The CV intervention succeeded in lowering the ability to work long hours criterion for any candidate among men (BCV intervention = ‒1.76, SE = 0.62, p < .001; BAWLH = 0.32, SE = 0.12, p < .01; BCV intervention × AWLH = 0.35, SE = 0.16, p < .05), while it did not change the importance of the ability to work long hours criterion when evaluating any candidate among women managers (BCV intervention = 0.47, SE = 0.52, p = .37; BAWLH = 0.56, SE = 0.07, p < .001; BCV intervention × AWLH = ‒0.23, SE = 0.13, p = .008). See Figure 4 for the summary of results for the ability to work long hours criterion.

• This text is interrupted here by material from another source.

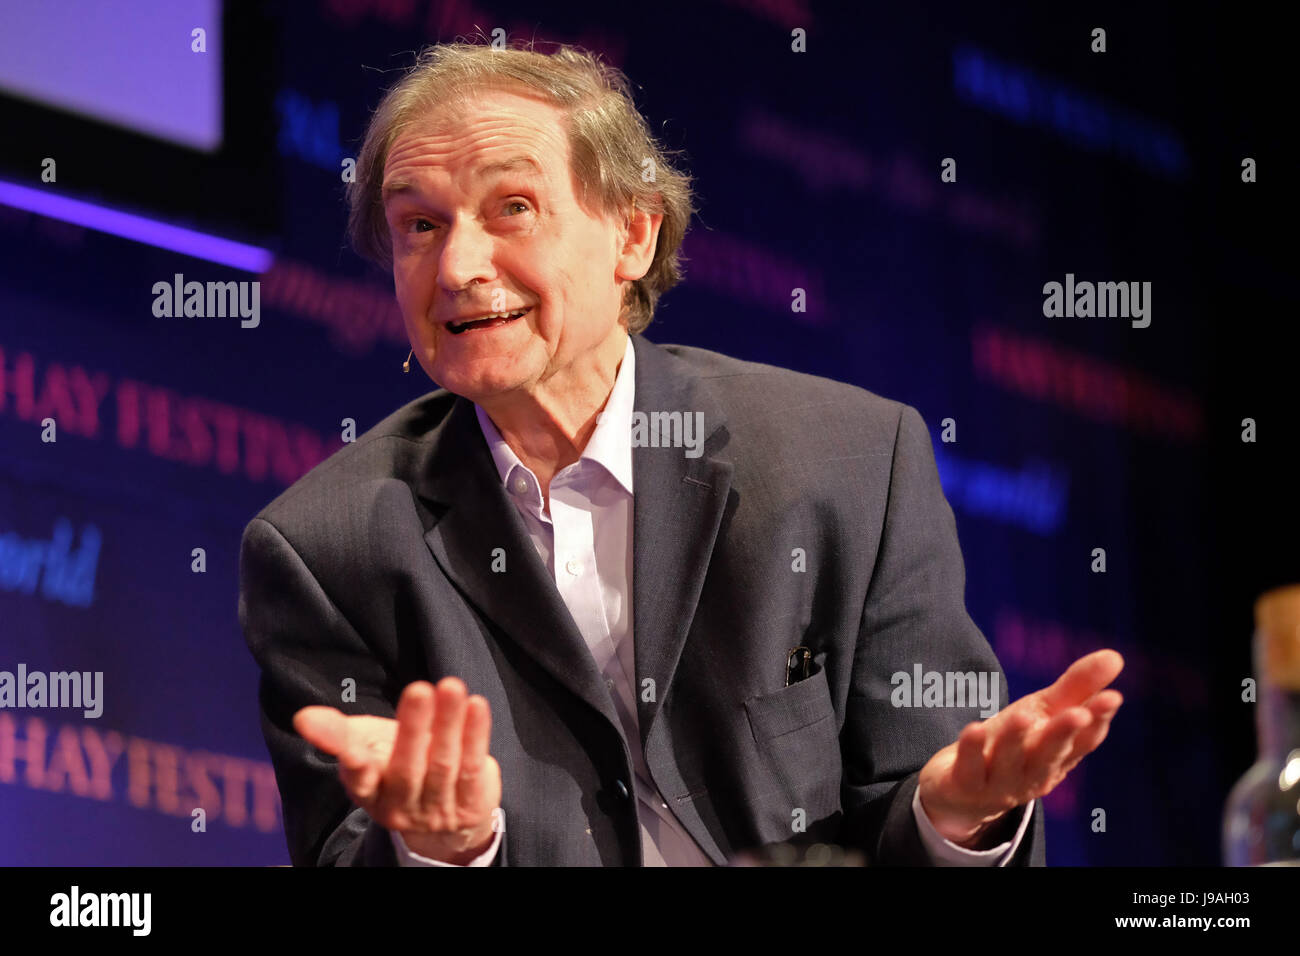 Hay Festival 2017 - Hay on Wye, Wales, UK - June 2017 - Roger Penrose one of the world's foremost theoretical physicists on stage at the Hay Festival talking about his new book Fashion, Faith and Fantasy in the New Physics of the Universe -   Steven May / Alamy Live News Stock Photo

The Importance of AWLH Criterion, with or without a Personal Note for Men and Women Managers, Evaluating Candidates
To test whether possible initial gender bias in explicit ability to work long hours perceptions was evident, we found that the interaction was insignificant, F(1, 107) = 1.03, p = .31. Managers did not perceive women and men candidates differently on the ability to work long hours attribute (men managers: MWomen’s AWLH = 3.65, SD = 0.90; MMen’s AWLH = 3.68, SD = 0.80; women managers: MWomen’s AWLH = 3.69, SD = 0.82; MMen’s AWLH = 3.47, SD = 0.73). The same pattern was evident in the problem-solving ability perceptions, and the interaction was insignificant, F(1, 107) = 2.37, p = .13. Managers did not perceive women and men candidates differently on the problem-solving ability attribute (men managers: MWomen’s PSA = 3.87, SD = 0.94; MMen’s PSA = 4.10, SD = 0.77; women managers: MWomen’s PSA = 4.06, SD = 0.75; MMen’s PSA = 3.81, SD = 0.71). Thus, we did not find any explicit gender bias in perceptions hiring.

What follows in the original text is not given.